Enter via these stairs on William St. Just ask the security to point you towards the AHS meeting location.
Doors open at 7pm, with the first speaker kicking off at 7:30.

WooHoo!


More info:
http://www.ahs.org.au/meetings.php
http://www.ahs.org.au/calendar.php


As always, we'll be meeting up probably beforehand at the local pub, just down the road from the Museum, on the corner of William St and Yurong St.
Definitely headed there after the meeting too


----------



## reptilegirl_jordan (Sep 21, 2008)

i shall be there duke!
see you there mate.


----------



## Riley (Sep 21, 2008)

damn i cant go!!


----------



## slip_phreak (Sep 21, 2008)

i dont tihnk i'll make it to the meeting in time but i should be able to get to the pub since i've got tafe on that night.


----------



## Gavin (Sep 21, 2008)

what is the AHS meeting??:shock:


----------



## RedEyeGirl (Sep 21, 2008)

Wish I could come :'(


----------



## Hetty (Sep 21, 2008)

Gavin said:


> what is the AHS meeting??:shock:



Have a look at the links Duke provided.

As usual, I'll be there


----------



## reptilegirl_jordan (Sep 21, 2008)

Hetty said:


> Have a look at the links Duke provided.
> 
> As usual, I'll be there


 see you there hetty :lol:


----------



## Hetty (Sep 21, 2008)

reptilegirl_jordan said:


> see you there hetty :lol:



Yup, and this time _I'll_ have the creaming soda :lol:


----------



## reptilegirl_jordan (Sep 21, 2008)

Hetty said:


> Yup, and this time _I'll_ have the creaming soda :lol:


 hahaha.watch out for buggy then..shes the bad one.
should be a good meeting peoples


----------



## LullabyLizard (Sep 21, 2008)

I'll be coming like always


----------



## djfreshy (Sep 22, 2008)

Ofcourse you'ld say that slip!


----------



## Emzie (Sep 22, 2008)

ill try and come, never been to one so be nice if i do


----------



## slip_phreak (Sep 22, 2008)

djfreshy said:


> Ofcourse you'ld say that slip!


 haha whats that supposed to mean eh!   lol
who knows my exam might not take me that long so i could make it for part of the meeting like last time.. who knows..


----------



## mrillusion (Sep 22, 2008)

can i come if i can but im only 14 is that OK?
will will probably be by myself


----------



## spongebob (Sep 22, 2008)

mrillusion,
They are a friendly bunch so dont worry.

Pity i cant make as it's my sons birthday.


----------



## Riley (Sep 22, 2008)

mrillusion said:


> can i come if i can but im only 14 is that OK?
> will will probably be by myself


im a member of ahs and i go to the meetings. im only 13 (turning 14).


----------



## Nikki. (Sep 22, 2008)

90% chance that i'll be going XP


----------



## grimbeny (Sep 22, 2008)

Yea illusion, the meeting is for all ages. 

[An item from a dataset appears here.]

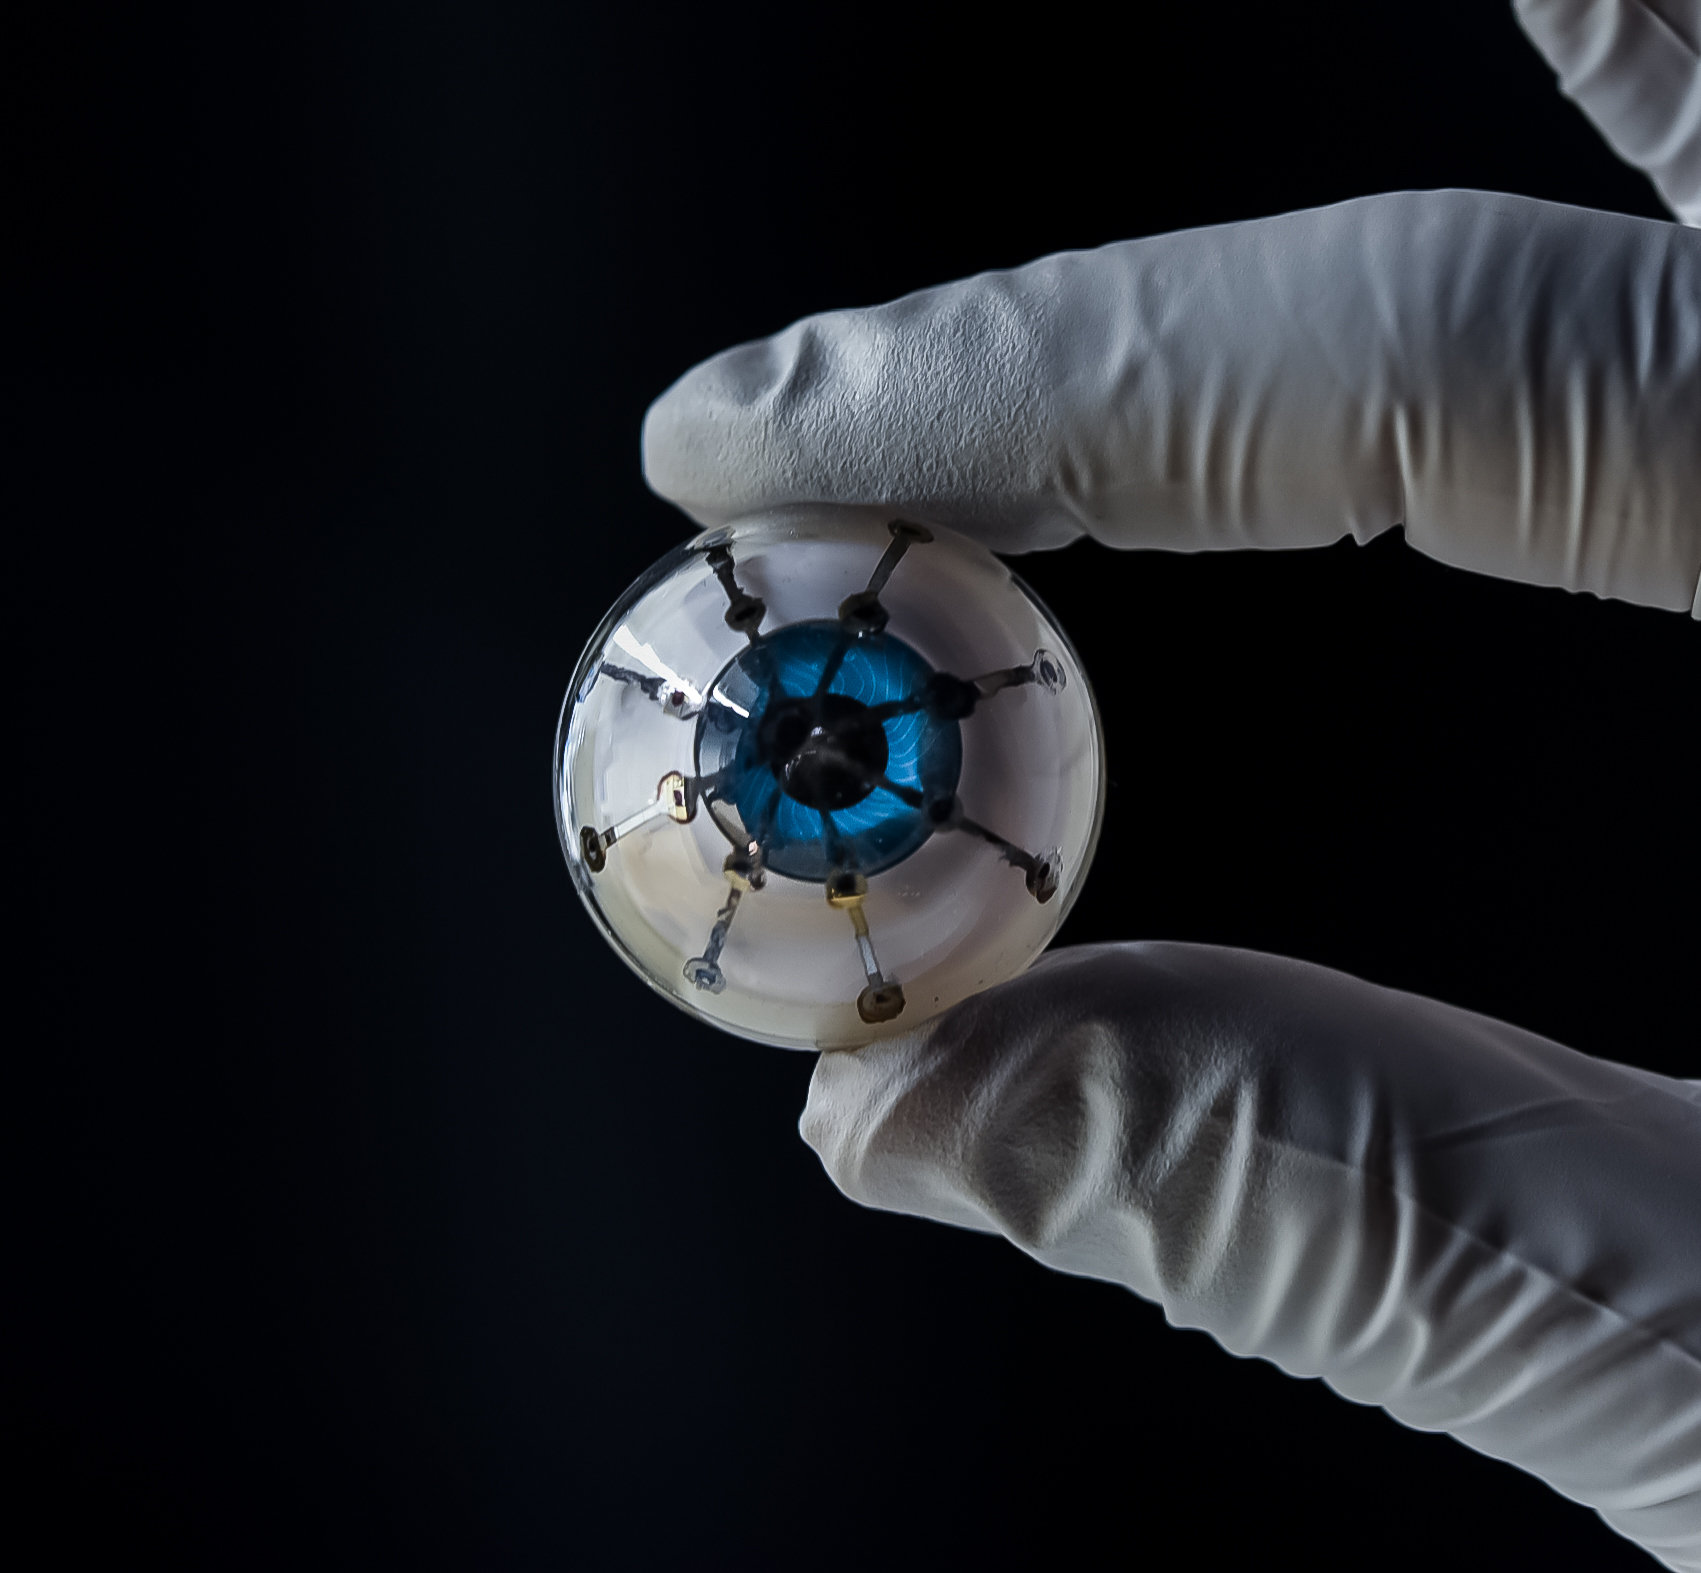 Researchers 3D print prototype for 'bionic eye'

I shall be there with bells on. Not litterally ofcourse.


----------



## LullabyLizard (Sep 22, 2008)

I've ben going since I was 12


----------



## Hickson (Sep 22, 2008)

I can't make it - working on Wednesday night. Damn!!!!!



Hix


----------



## Leigh (Sep 22, 2008)

i'll be there, so will Rocky. it'll be good.


----------



## Hetty (Sep 22, 2008)

Hix said:


> I can't make it - working on Wednesday night. Damn!!!!!
> 
> 
> 
> Hix



Oh Hix, that's awful.. who will we talk about fudge and chilli with?


----------



## Rocky (Sep 22, 2008)

grimbeny said:


> Yea illusion, the meeting is for all ages.
> 
> I shall be there with bells on. Not litterally ofcourse.



I wouldn't put it past you.



Leigh said:


> i'll be there, so will Rocky. it'll be good.

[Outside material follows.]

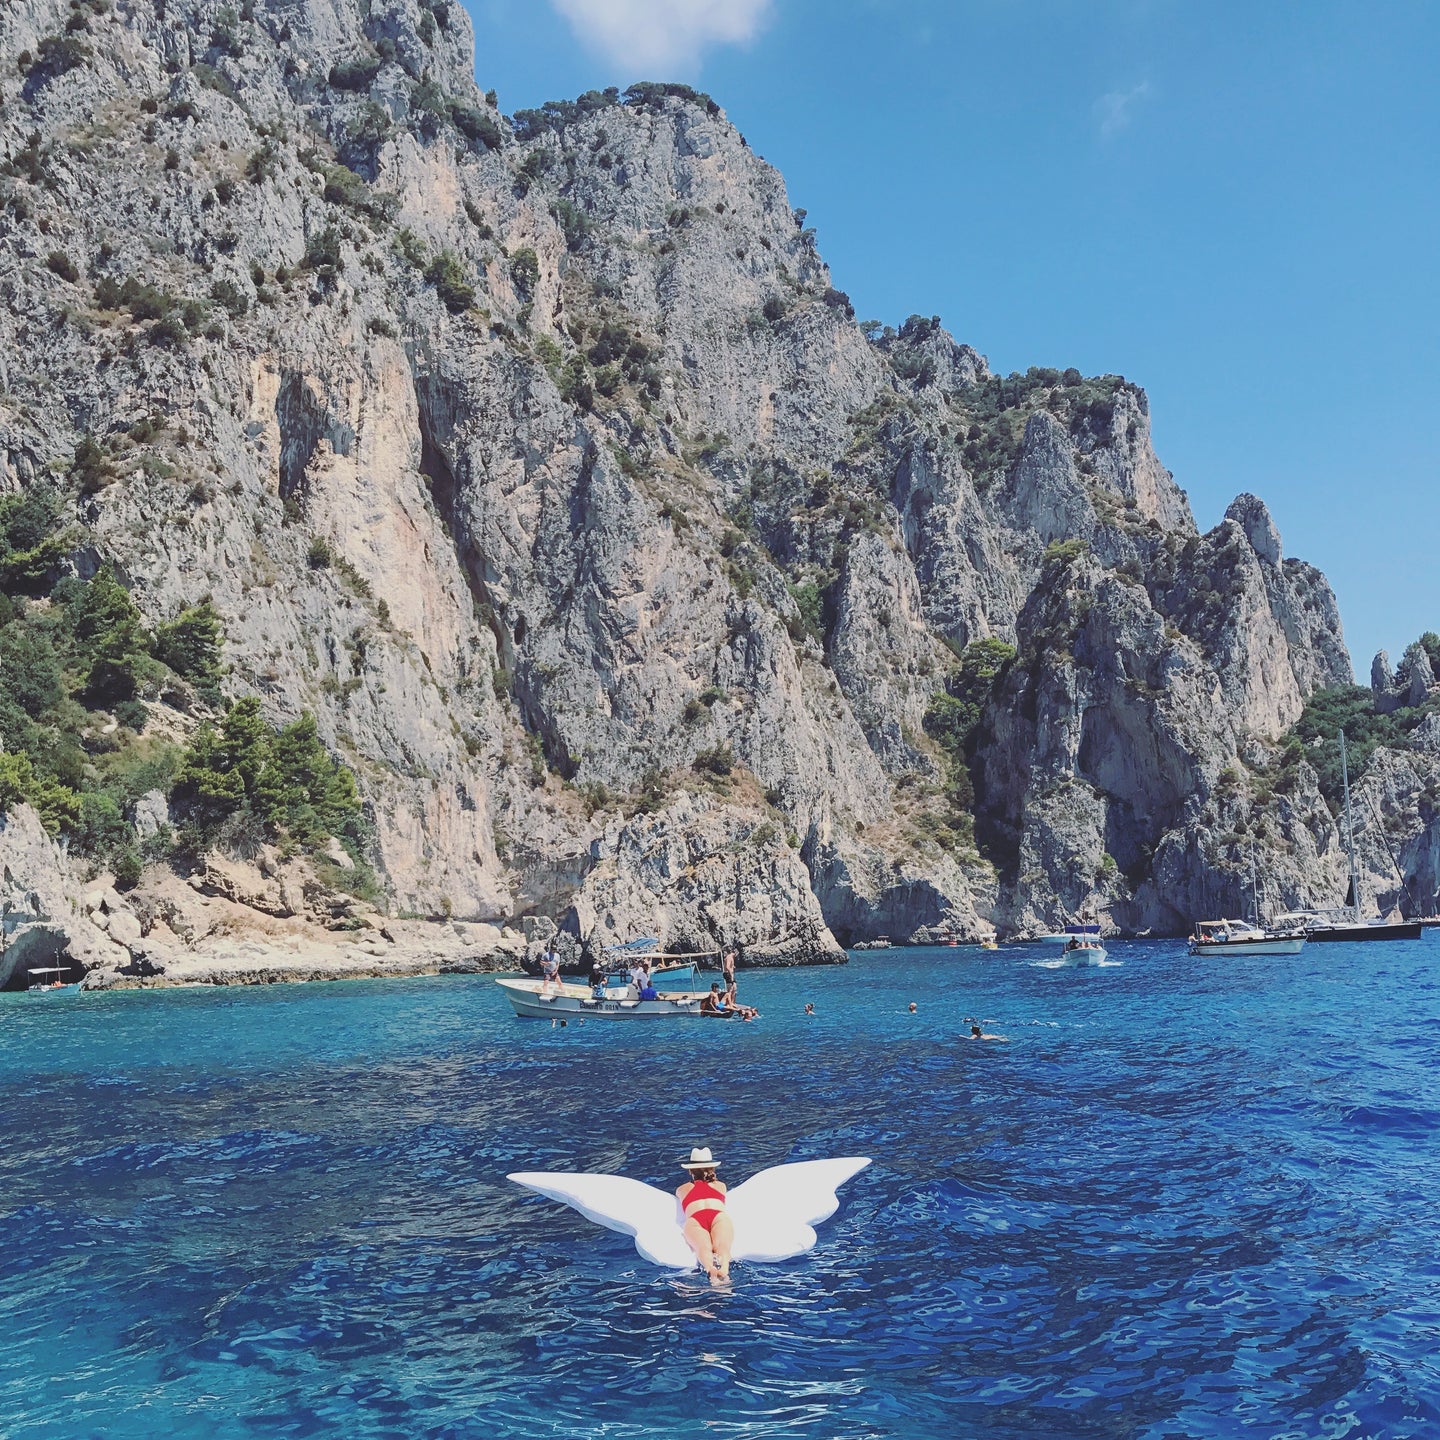 FUNBOY x Europe: Kicking back in Capri

Oh alrighty then, looks like I am spoken for then. Cya all there.


----------



## Emzie (Sep 23, 2008)

so im 99% going now does anyone meet up before hand? im finish work at 5 so will be in the city from then


----------



## Chris1 (Sep 23, 2008)

boo, i cant go!


----------



## Tatelina (Sep 23, 2008)

Thanks for the reminder!

Should I bring cheap chocolate again?


----------



## grimbeny (Sep 23, 2008)

a few of us go to the pub just down the road beforehand.

" As always, we'll be meeting up probably beforehand at the local pub, just down the road from the Museum, on the corner of William St and Yurong St."

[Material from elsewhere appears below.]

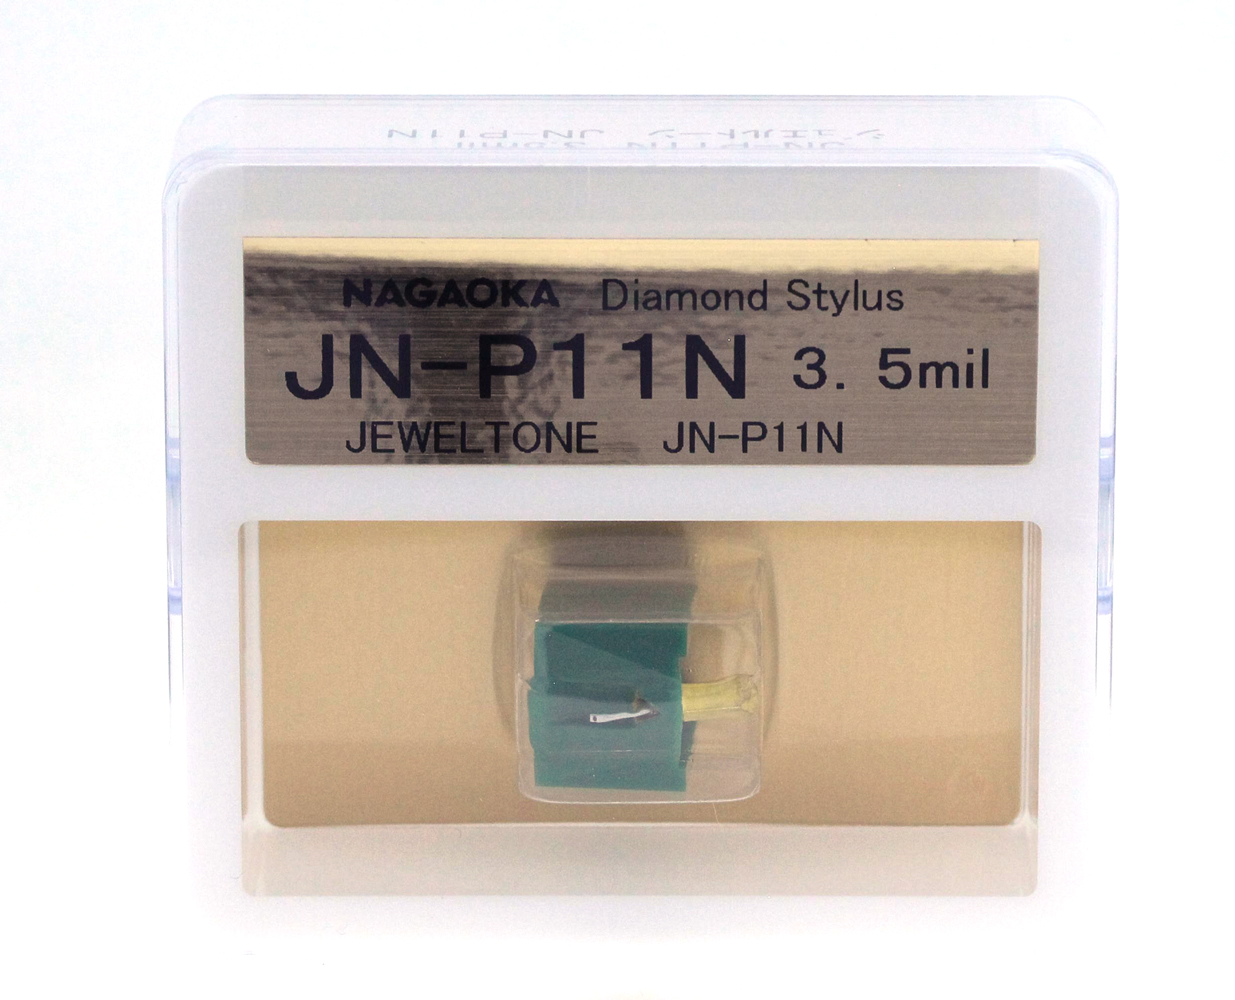 Nagaoka N-MP3.5 NMP3.5 / JN-P11N stylus with 3.5 mil diamond (78 RPM stylus)

Ill probably be there from 6. I also finish up in the city arround 5 so have time to kill.


----------



## Duke (Sep 23, 2008)

Hetty said:


> Oh Hix, that's awful.. who will we talk about fudge and chilli with?


 HAHA That was the most random conversation I've ever had.


grimbeny said:


> a few of us go to the pub just down the road beforehand.
> 
> " As always, we'll be meeting up probably beforehand at the local pub, just down the road from the Museum, on the corner of William St and Yurong St."
> 
> Ill probably be there from 6. I also finish up in the city arround 5 so have time to kill.


 Myself and Hetty should be around early enough. We'll see what happens.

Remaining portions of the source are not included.